SS: You come from a well-established Bollywood family of accomplished artists –your uncle Javed Akhtar, and cousins, Farhan and Zoya. Any plans on collaborating with your cousins in India or even here? 

KA: We talk all the time about trying to find a way to collaborate. But my joke is always that even after I won at the Emmys, there was press – Indian headlines –saying things like, “Farhan’s cousin wins an Emmy” / “Shabana’s nephew wins an Emmy.” It’s very humbling. It’s good for me to remember that.

SS: With the current surge in South Asians being recognized for their talent in Hollywood, what, in your opinion, will be the factors to keep this momentum going and establishing South Asian storytelling as part of content coming out of Hollywood?  

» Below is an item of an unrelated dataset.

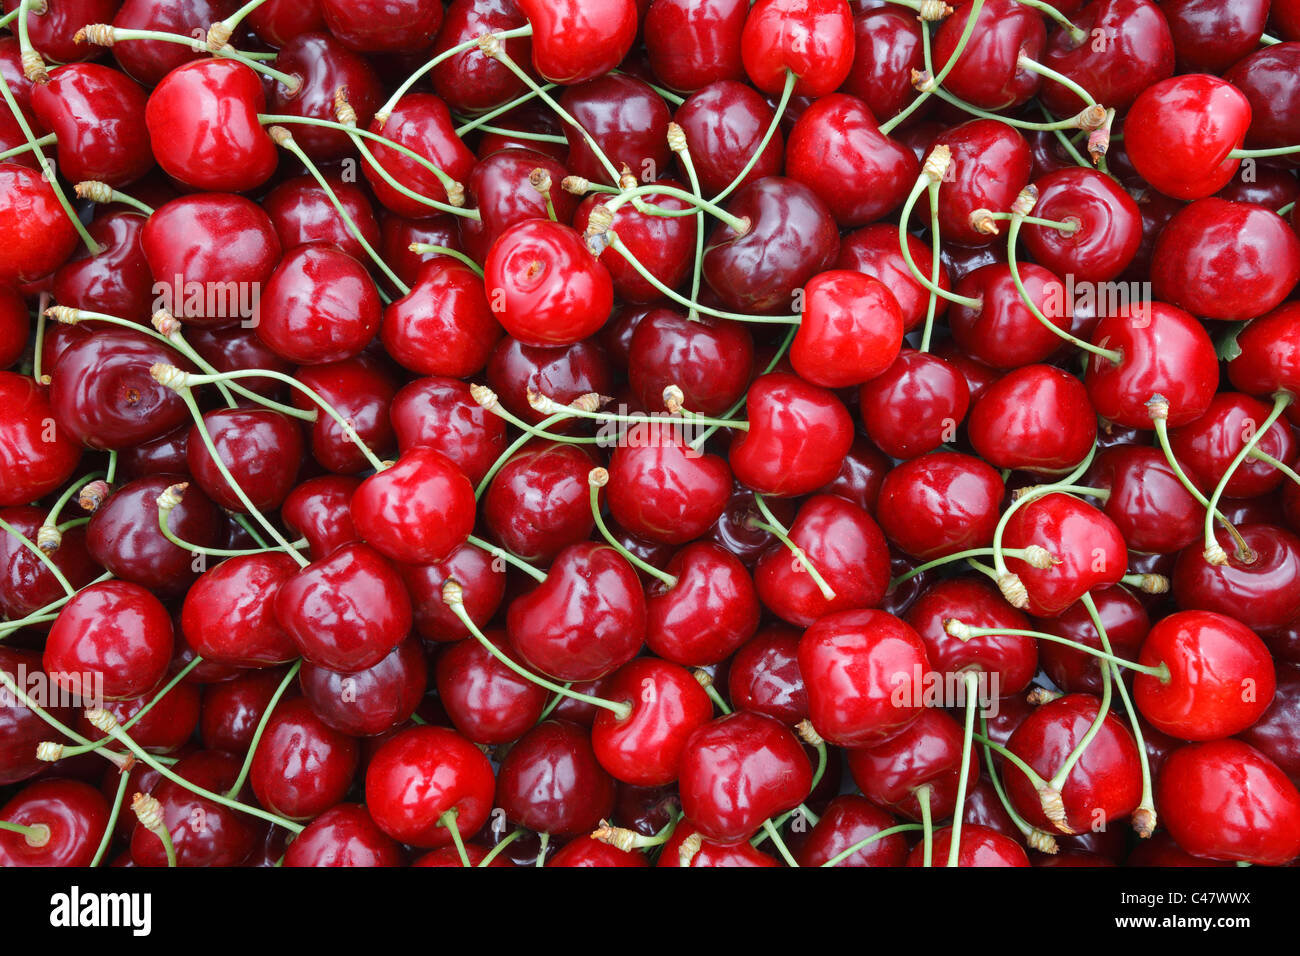 Ciliegia texture di fruttaFoto Stock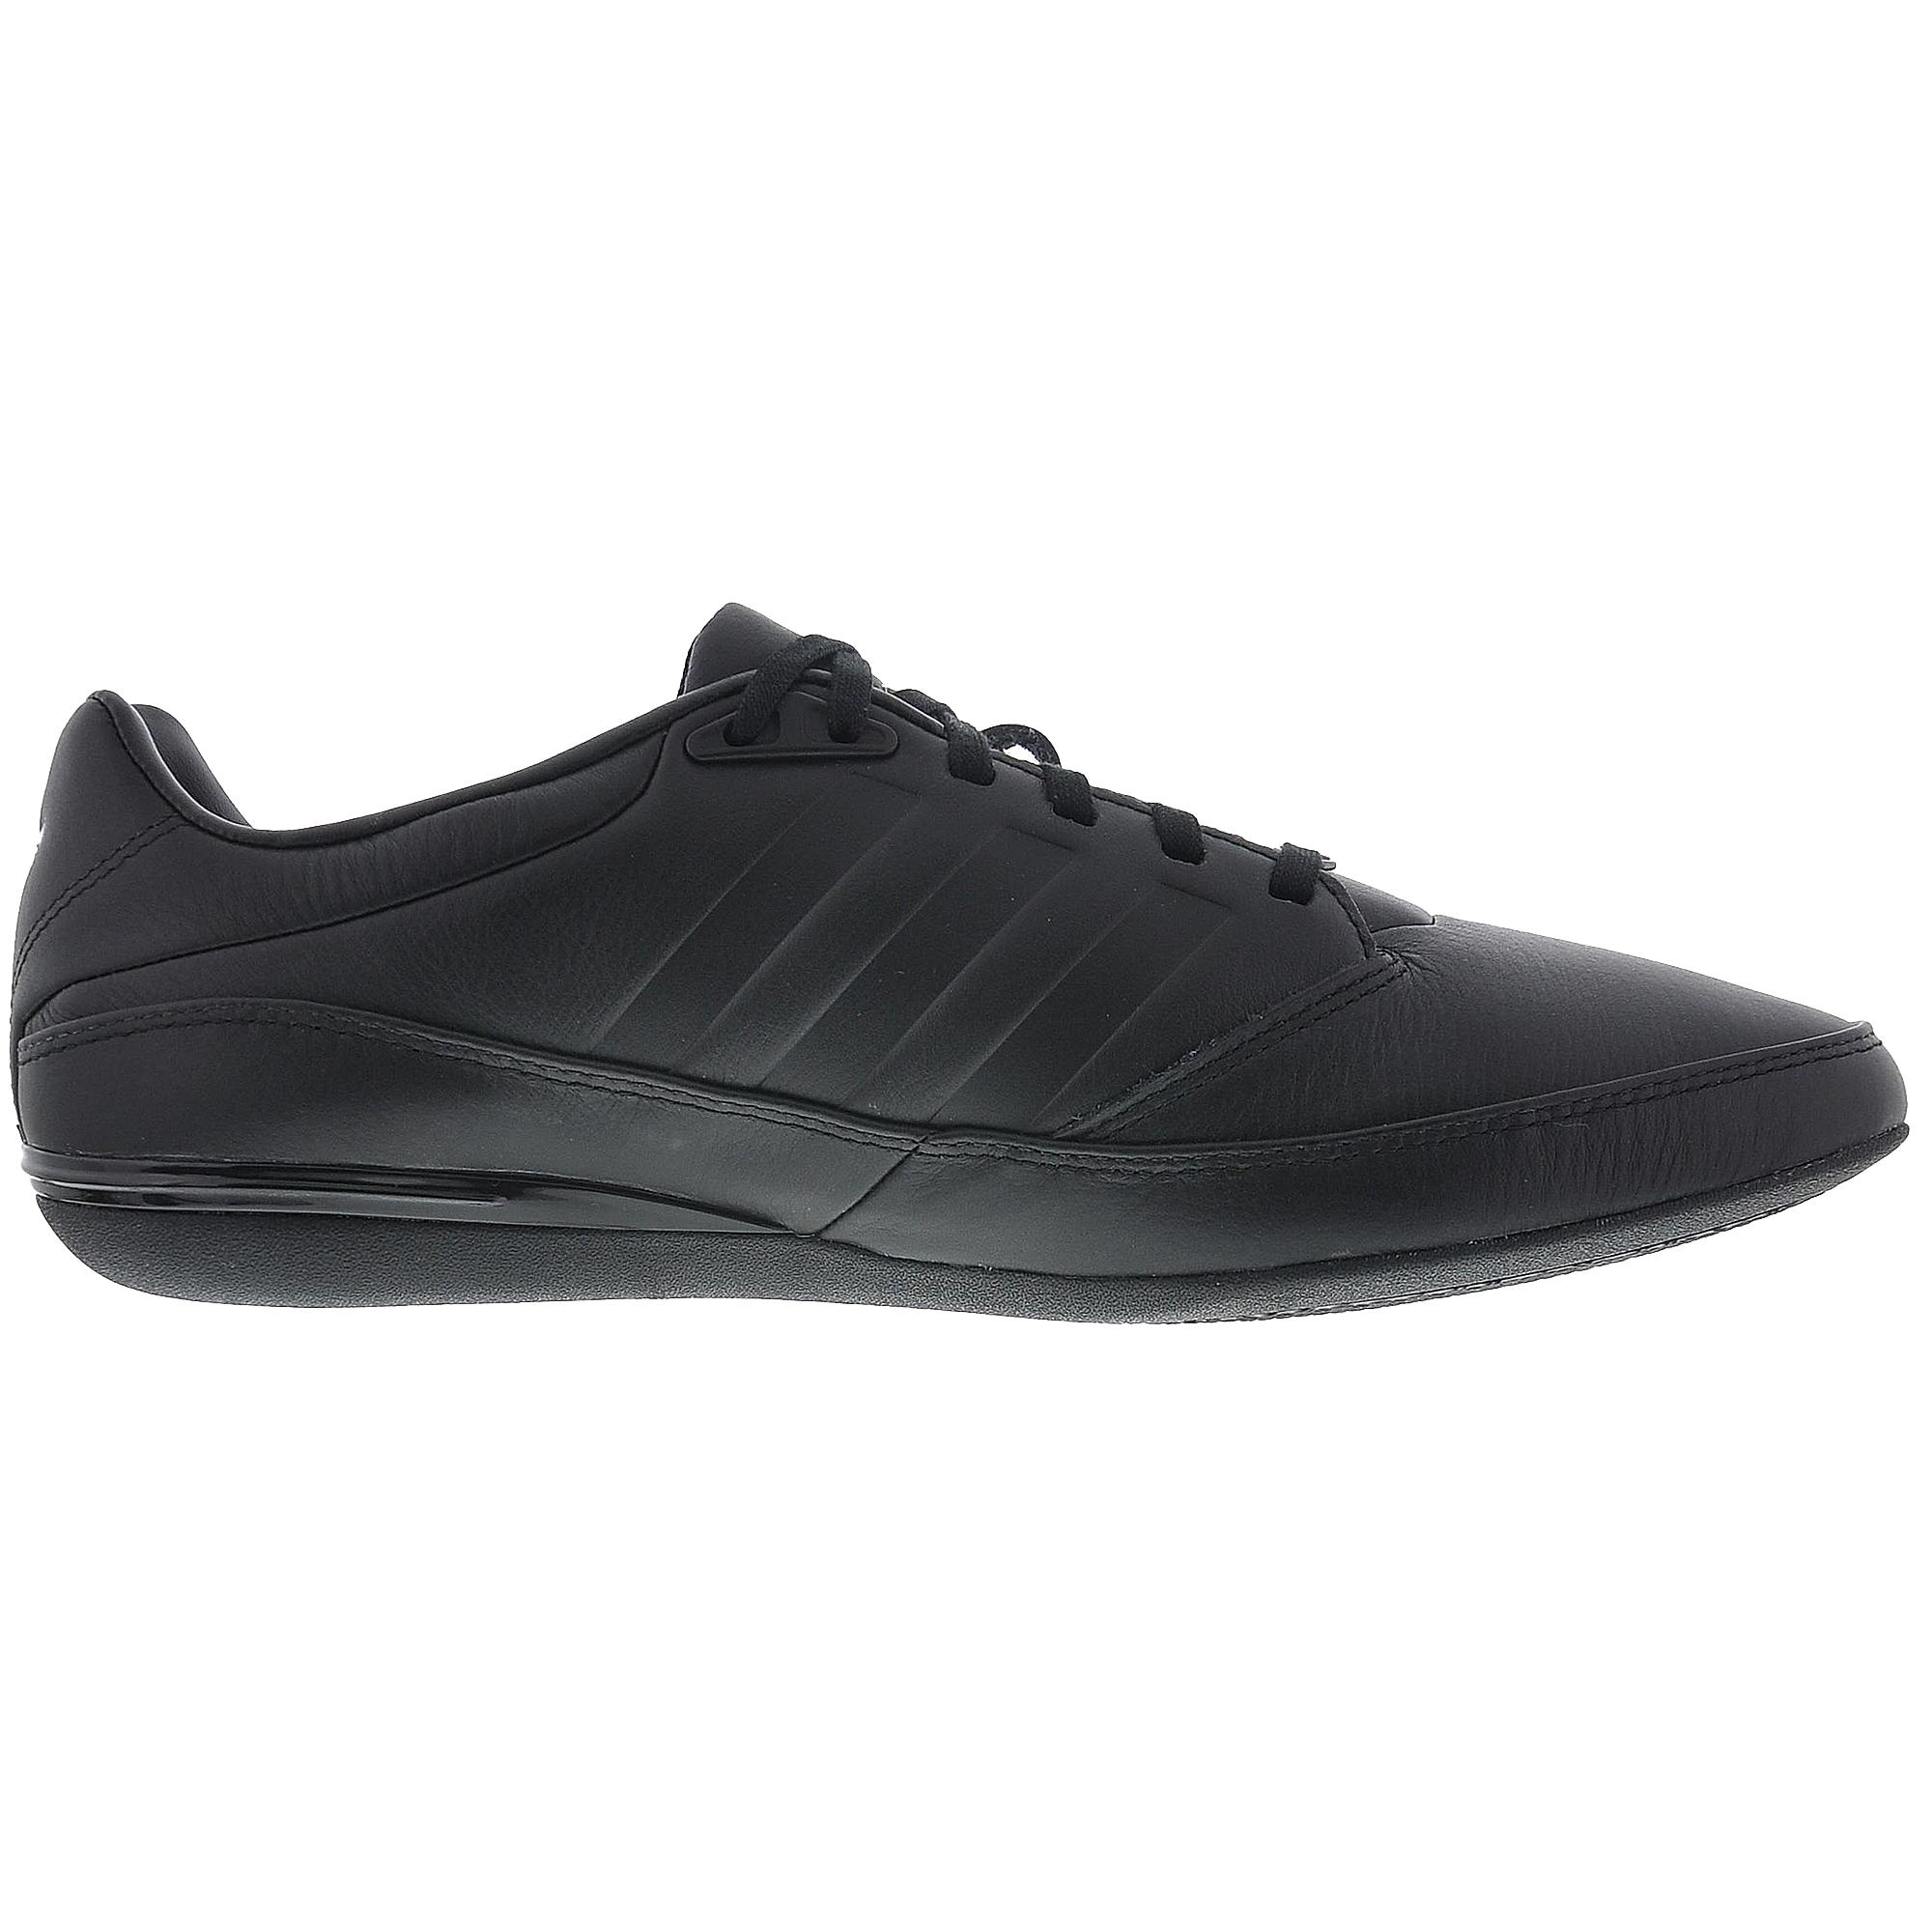 buy popular 66c92 b2727 ... denmark adidas porsche typ 64 2.0 co erkek spor ayakkab 98add 7aafa

KA: I’m 24 years into my career, and I think entertainment careers are already difficult to get off the ground. And then depending on if you are an outgroup, that makes it harder to get a career going. The work it has taken me to get to this point over time –you end up building a bit of scaffolding around your progress, which helps you keep building, and expanding what it is you’re doing, who it is you’re working with. Hopefully, having a good reputation, and creating further opportunities. A lot of the focus has to be on expanding opportunities and keeping the door open. I have a lot of mentees, and they’re like, “It’s great that you’re sending the elevator back down.” I’m like, “Well, just to be clear, there was no elevator on my way up. It can be easy once you’ve gone up the ropes and through the jungle by yourself, [and] you get to the top. It can be easy for a lot of people to not build an elevator to send back down. But I think those people don’t succeed in the long run because then they end up being up there by themselves.